Context: We intend to switch to reqwest as HTTP client (the option to switch back/forth is temporary), so I think it's wasted time to investigate bugs in the old client.

from relay.

mvaled avatar mvaled commented on June 18, 2024

Do you have capability to inspect the response body of sentry to relay?

Probably, but right now I have no clue. I would have to look the at the code to see if I could trap the request/response or put DEBUG=True in the webserver: Would it help?

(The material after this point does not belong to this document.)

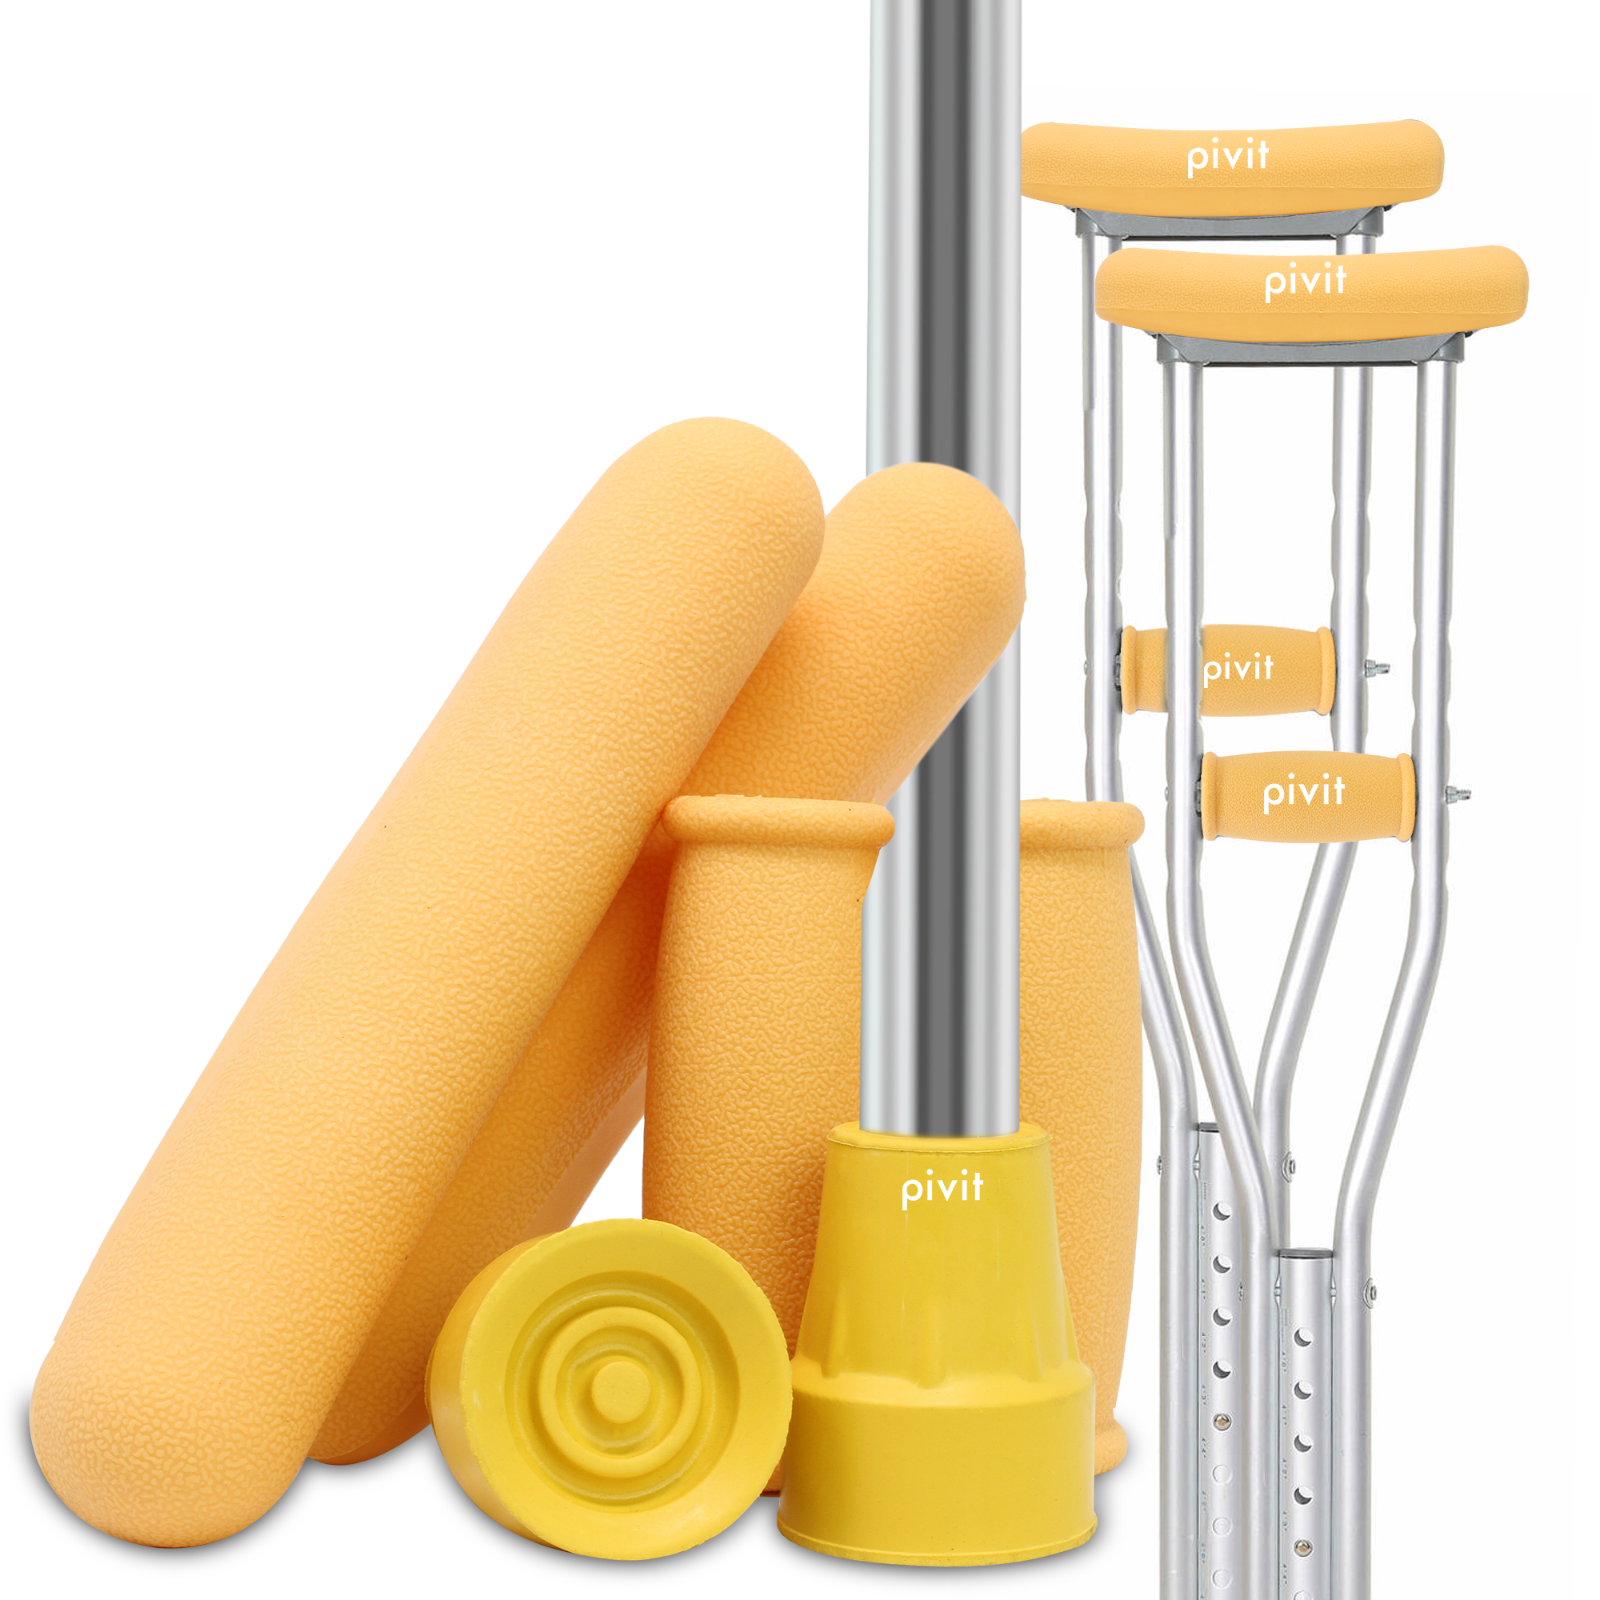 Crutch Accessory Kit Replacement Parts Set 6 PCS Fits Standard Aluminum Crutches

Changing relay's logging level to DEBUG didn't helped much, though.

from relay.

mvaled avatar mvaled commented on June 18, 2024

I'm looking at the code of the upstream actor, and I noticed I've never spotted the info log at:

                log::info!("relay successfully registered with upstream");
                slf.auth_state = AuthState::Registered;
                slf.auth_backoff.reset();

But I've received events from clients, so... what's happening here? Am I missing something?

from relay.

mvaled avatar mvaled commented on June 18, 2024

Well I'm not getting events from clients right. I'm triggering events in some the applications and I don't see them appear in Sentry :*(.

Still the logs just show:

2020-12-08T00:17:19Z [relay_server::actors::upstream] INFO: registering with upstream (http://web.sentry.svc:9190/)
2020-12-08T00:17:19Z [relay_server::actors::upstream] ERROR: authentication encountered error: could not send request to upstream
  caused by: IO error: Connection reset by peer (os error 104)
  caused by: IO error: Connection reset by peer (os error 104)
  caused by: IO error: Connection reset by peer (os error 104)
  caused by: Connection reset by peer (os error 104)
2020-12-08T00:17:43Z [relay_server::actors::events] ERROR: error processing event: event exceeded its configured lifetime
2020-12-08T00:17:43Z [relay_server::actors::events] ERROR: error processing event: event exceeded its configured lifetime

from relay.

mvaled avatar mvaled commented on June 18, 2024

Hum... I ran docker pull for all the images snuba, rely, sentry and symbolicator. Now I'm getting these logs:

2020-12-08T01:33:42Z [relay_server::actors::upstream] INFO: registering with upstream (http://web.sentry.svc:9190/)
2020-12-08T01:33:42Z [relay_server::actors::upstream] INFO: relay successfully registered with upstream
2020-12-08T01:33:42Z [relay_server::actors::project_upstream] ERROR: error fetching project states: could not send request to upstream
  caused by: IO error: Connection reset by peer (os error 104)
  caused by: IO error: Connection reset by peer (os error 104)
  caused by: IO error: Connection reset by peer (os error 104)
  caused by: Connection reset by peer (os error 104)
2020-12-08T01:33:43Z [relay_server::actors::events] ERROR: error processing event: failed to resolve project information
  caused by: failed to fetch project state from upstream
2020-12-08T01:33:43Z [relay_server::actors::events] ERROR: error processing event: failed to resolve project information
  caused by: failed to fetch project state from upstream
2020-12-08T01:33:43Z [relay_server::actors::events] ERROR: error processing event: failed to resolve project information
  caused by: failed to fetch project state from upstream
2020-12-08T01:33:43Z [relay_server::actors::events] ERROR: error processing event: failed to resolve project information
  caused by: failed to fetch project state from upstream
2020-12-08T01:33:43Z [relay_server::actors::events] ERROR: error processing event: failed to resolve project information
  caused by: failed to fetch project state from upstream
2020-12-08T01:33:43Z [relay_server::actors::events] ERROR: error processing event: failed to resolve project information
  caused by: failed to fetch project state from upstream

from relay.

mvaled avatar mvaled commented on June 18, 2024

I tried once more to use reqwest, but it failed again with 400 Bad request. But I wasn't able to catch the request to why sentry's complaining about it. And now I'm back to the cycle of ERROR: authentication encountered error...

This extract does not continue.